It might seem a funny time of year to be talking about preserving sweet peppers, but it’s been such a strange season. My plants (Spanish Pequillo) gave up what will probably be their last major crop for the season only last week. Even now the odd fruit continues to ripen. I’m guessing others in the north will be seeing similar backyard oddities this year.
I hardly ever eat any of my peppers fresh, mostly because the variety I grow have very tough skins, but also because I think they just taste better preserved. It’s a bit like the difference between milk and cheese I guess. But I don’t mean just any method of preservation. Vinegar is brutish stuff and obliterates the complexity and finesse of a good pepper. Drying is fine if you plan to use your peppers in soups, stews, stocks or ground into homemade paprika, but the very best way, with the most versatile results, is strangely little-known and rarely practised in these parts. Effectively just a stripped back version of the water bath method, it has been used around the shores of Mediterranean for hundreds of years. It can be used to preserve many other fruits and vegetables (and even tuna!).
In the case of peppers, the process starts off in a very primal way, with the cleansing lick of the flame. Pepper skins are literally indigestible to humans and pretty unpalatable too. The only practical way to be rid of them is by chargrilling.
This can be done under the grill of an electric oven or directly over the flame of a gas BBQ, but for the best results you need the subtle seasoning of wood smoke. There is no need to get an actual pyre going in your backyard – this is probably illegal where you live anyway and takes forever to get going anyway. My preferred short cut is to drop down the grill on my gas BBQ until the flames are licking through, and then make a small pile of twigs (grape and fruit tree prunings work really well) ontop. Lay the peppers (whole unless you want to save the seeds) on the twigs, and keep turning them until blackened all over. The idea is to scorch the skin not immolate the fruit, so don’t wander off at this point. The twigs will burn down fairly quickly so keep replenishing. As individual peppers are ready, drop them into a waiting plastic bag and cover them up. The steam inside the bag will help loosen the skins later.

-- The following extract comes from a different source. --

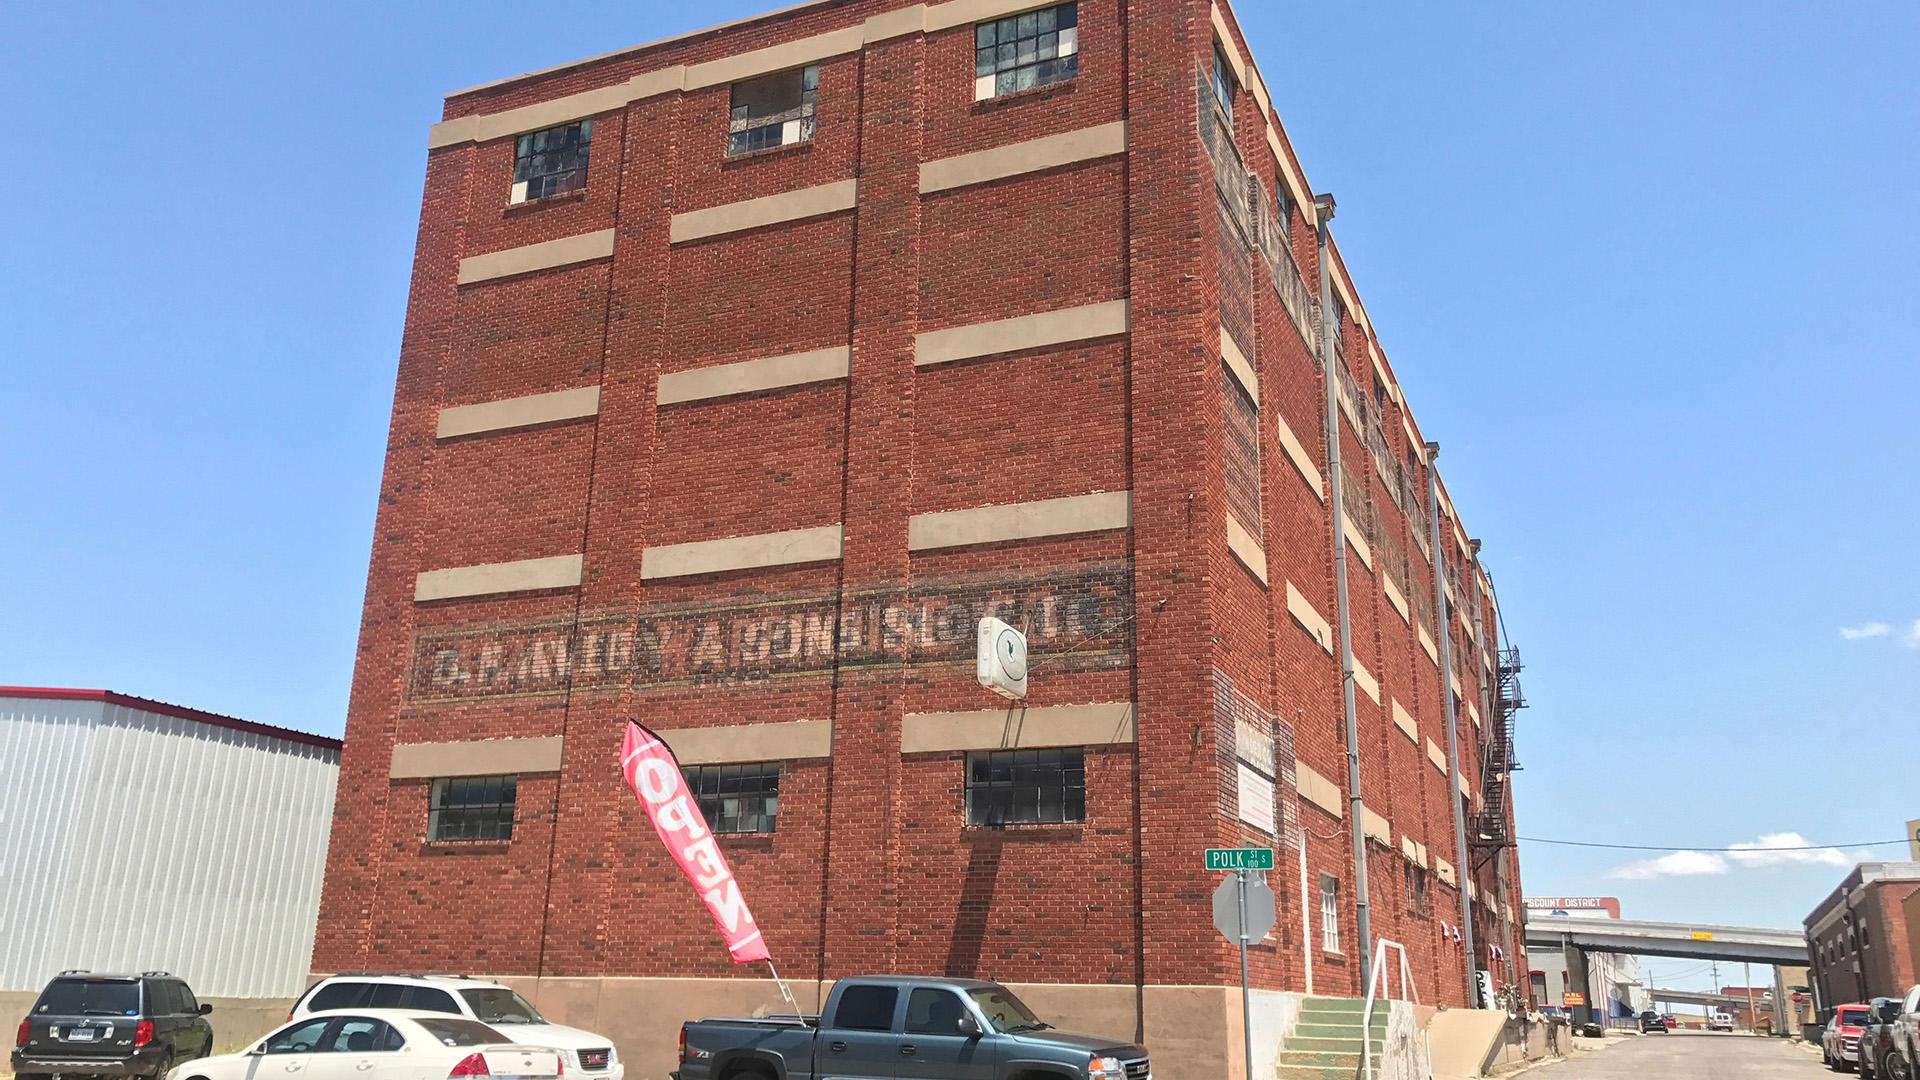 Historical warehouse active again
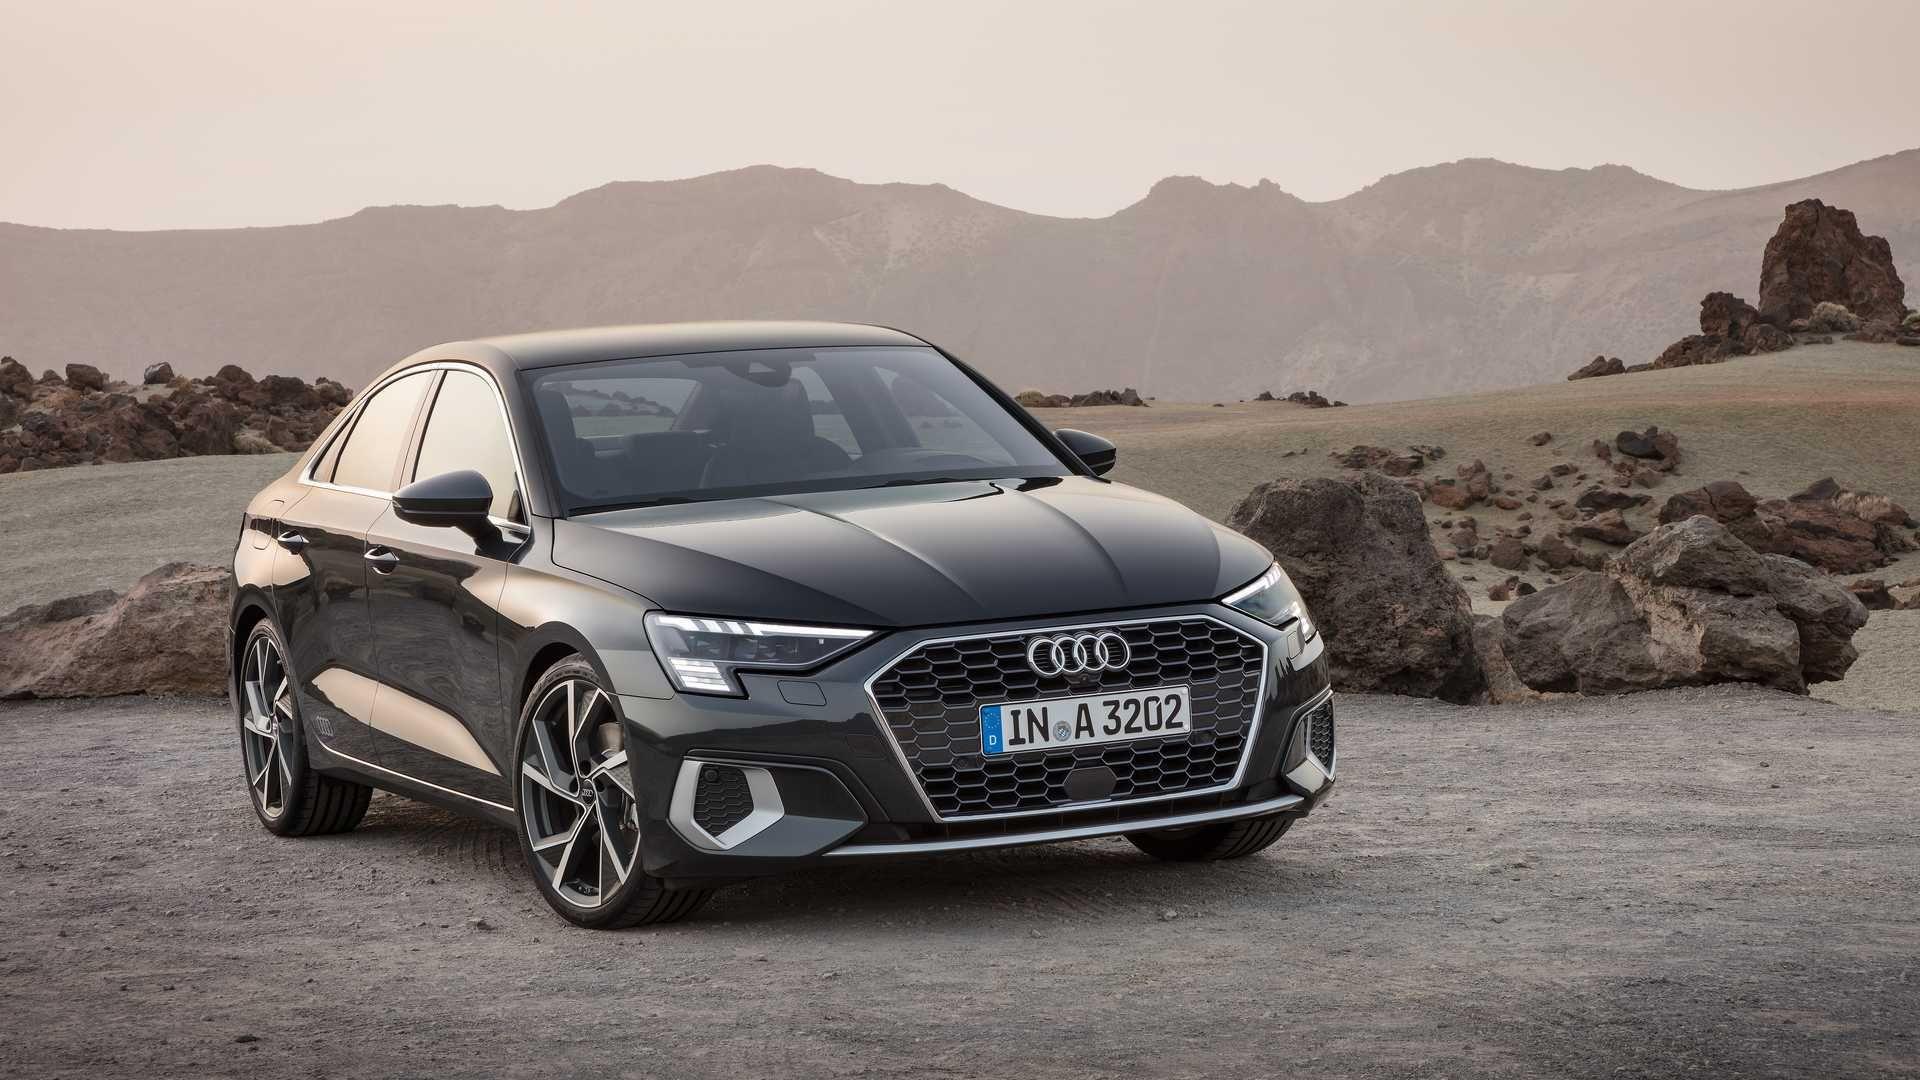 2021 Audi A3 Sedan Debuts With New Design India Launch Next Year In 2020 Audi A3 Sedan Audi Audi A3

Once all your peppers are burnt black and bagged, leave them to sweat it out a bit. About 15 minutes will do.
Next, under a running tap, slip the skins from the peppers – they should come away very easily – and pull out the core. Rinse away any loose seeds or flecks of burnt skin. Now firmly pack the peppers into preserving jars with sealable metal lids, and top with a few basils leaves and a teaspoon of salt to each cup volume of peppers. Seal the lids very tightly. Wrap each jar in either newspaper or a tea towel (this prevents breakages), and submerge in a large pot of water. Bring the water to the boil and continue to boil for 20 minutes. Remove pot from heat and allow to cool.
Once cool, carefully unwrap each jar, dry and briefly invert to ensure there is no leakage.
The peppers will have lost volume and will not be fully submerged in the pepper syrup that has formed. This is quite normal. Don’t worry. Until opened, the peppers will remain completely safe and sterile.
These peppers can be used immediately but improve with age. They keep unopened for at least a few years and probably much longer.
I use my preserved pepper on pizza, tossed through pasta, in salads, on toast, crackers, pretty much anywhere and at anytime. They are my most treasured pantry item and I’m very loathe to share them.